(Work instructions)
Omit all pictures. Copy exactly the lines from the line containing "Foto von Photocase" to the end of the listing, with both ends included.

(Material provided)

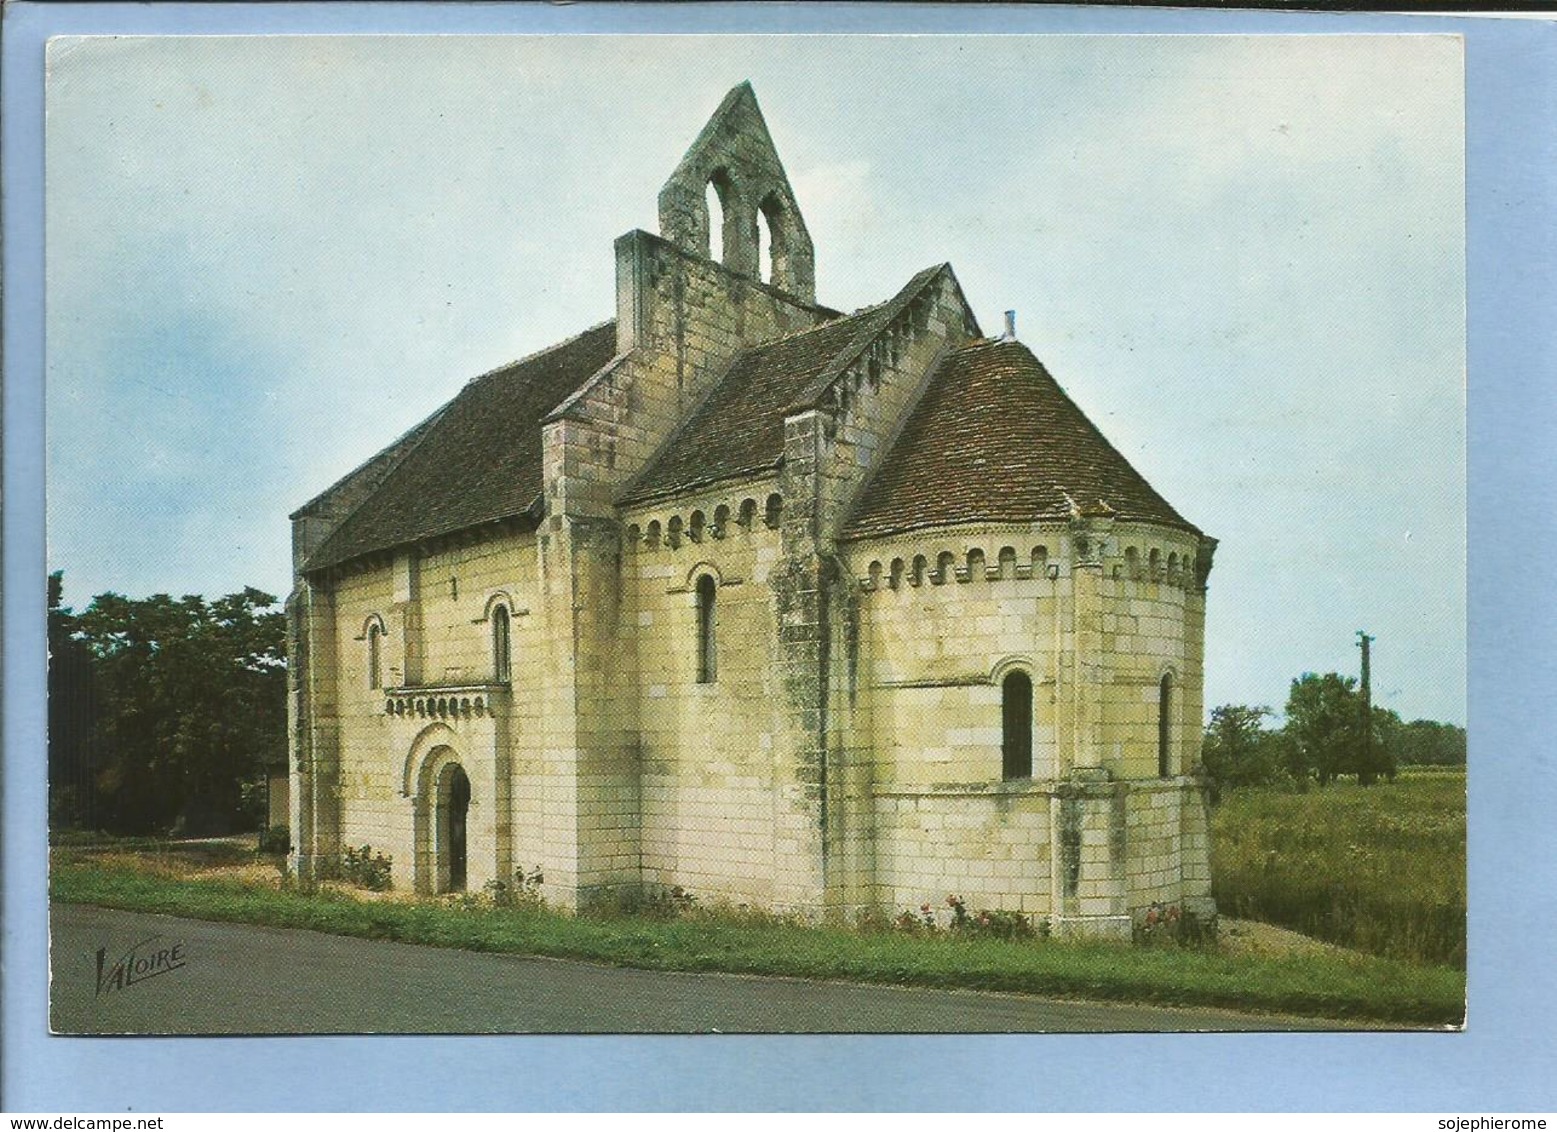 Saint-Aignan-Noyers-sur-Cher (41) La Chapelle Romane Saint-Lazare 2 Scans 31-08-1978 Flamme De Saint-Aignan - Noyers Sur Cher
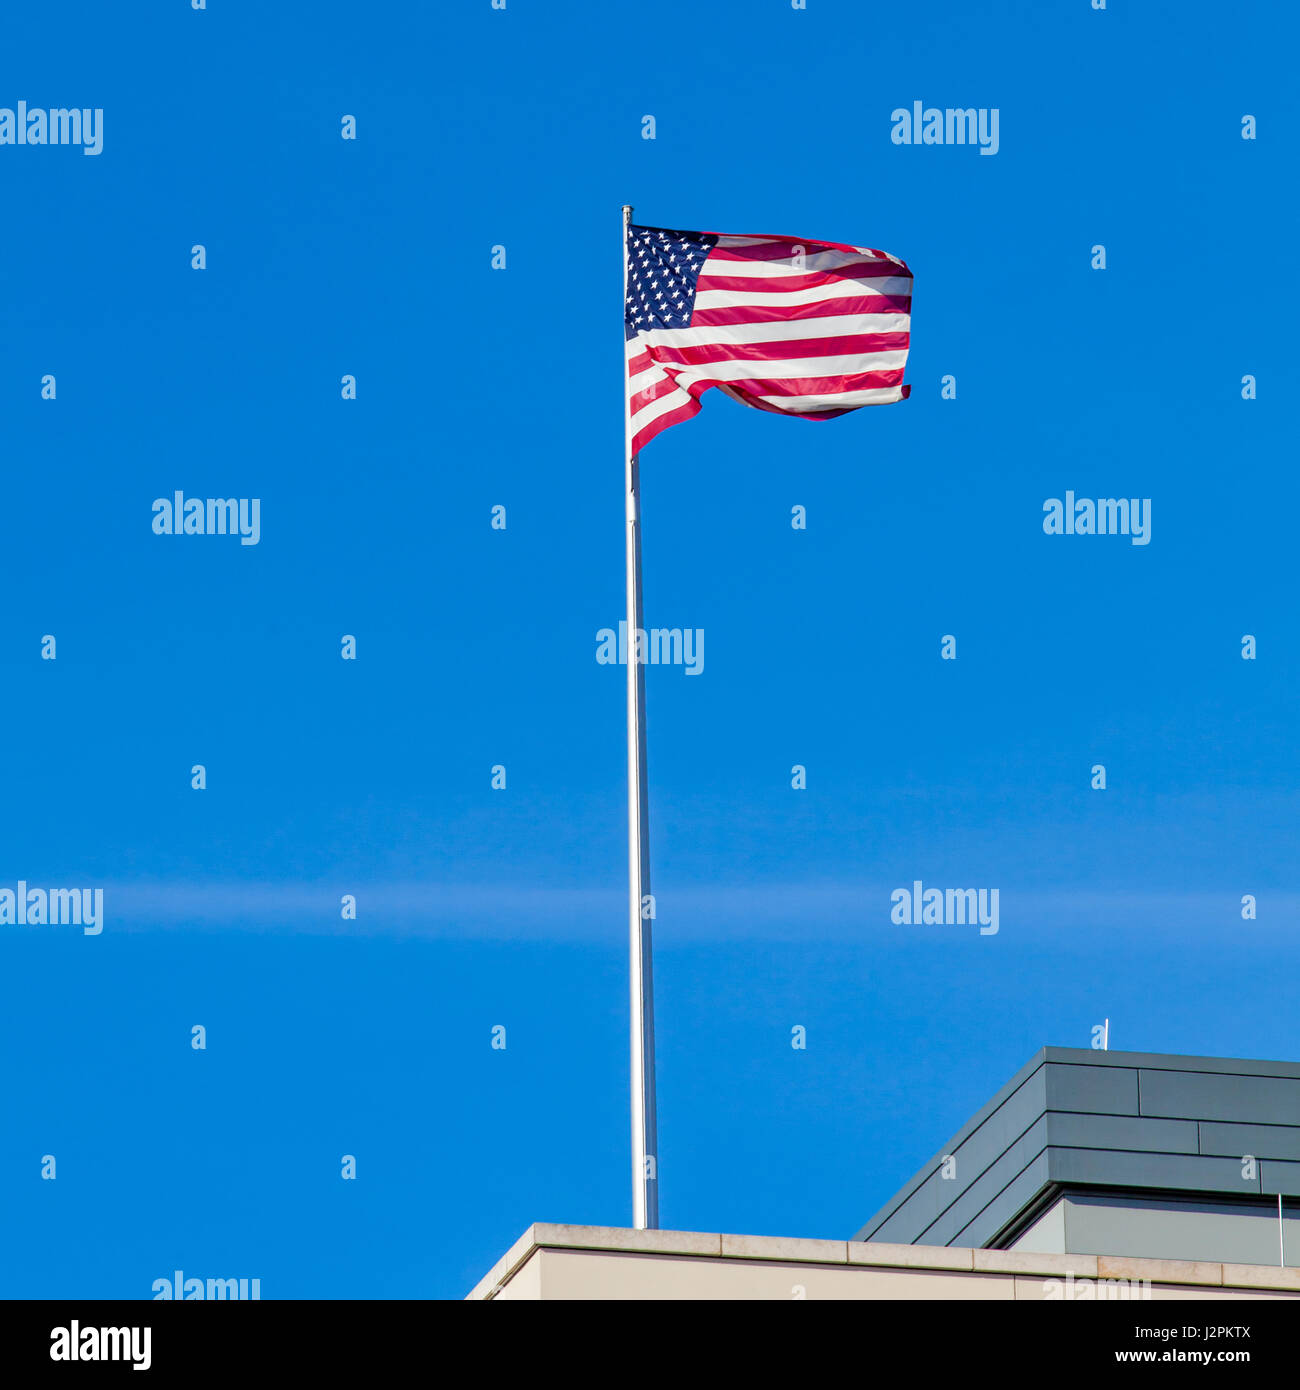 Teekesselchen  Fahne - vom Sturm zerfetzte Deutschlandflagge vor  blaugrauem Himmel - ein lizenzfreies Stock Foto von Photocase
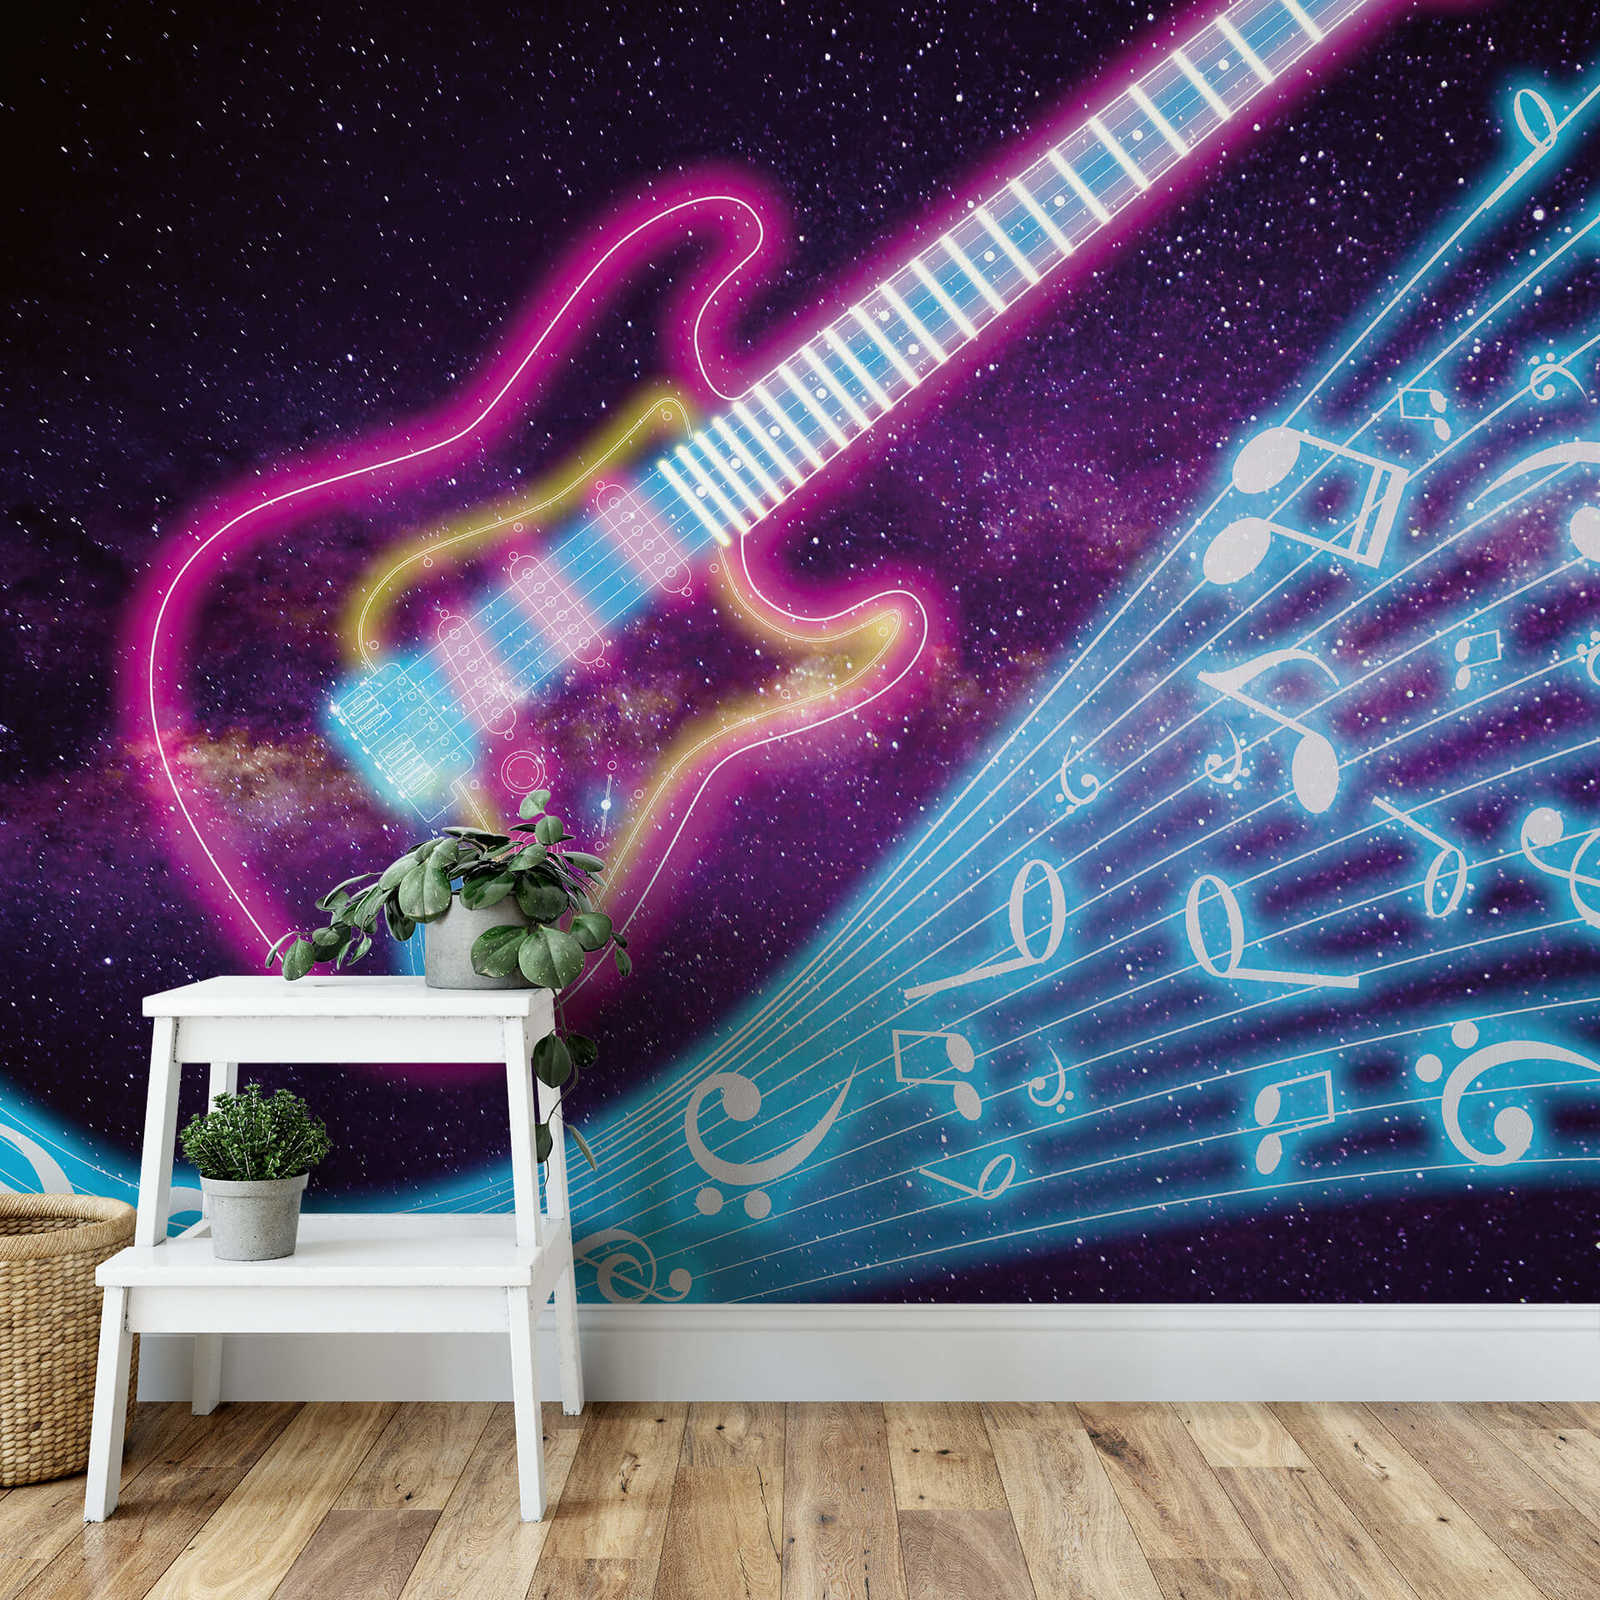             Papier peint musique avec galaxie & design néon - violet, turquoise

(Output below)
 Teekesselchen  Fahne - vom Sturm zerfetzte Deutschlandflagge vor  blaugrauem Himmel - ein lizenzfreies Stock Foto von Photocase
             Papier peint musique avec galaxie & design néon - violet, turquoise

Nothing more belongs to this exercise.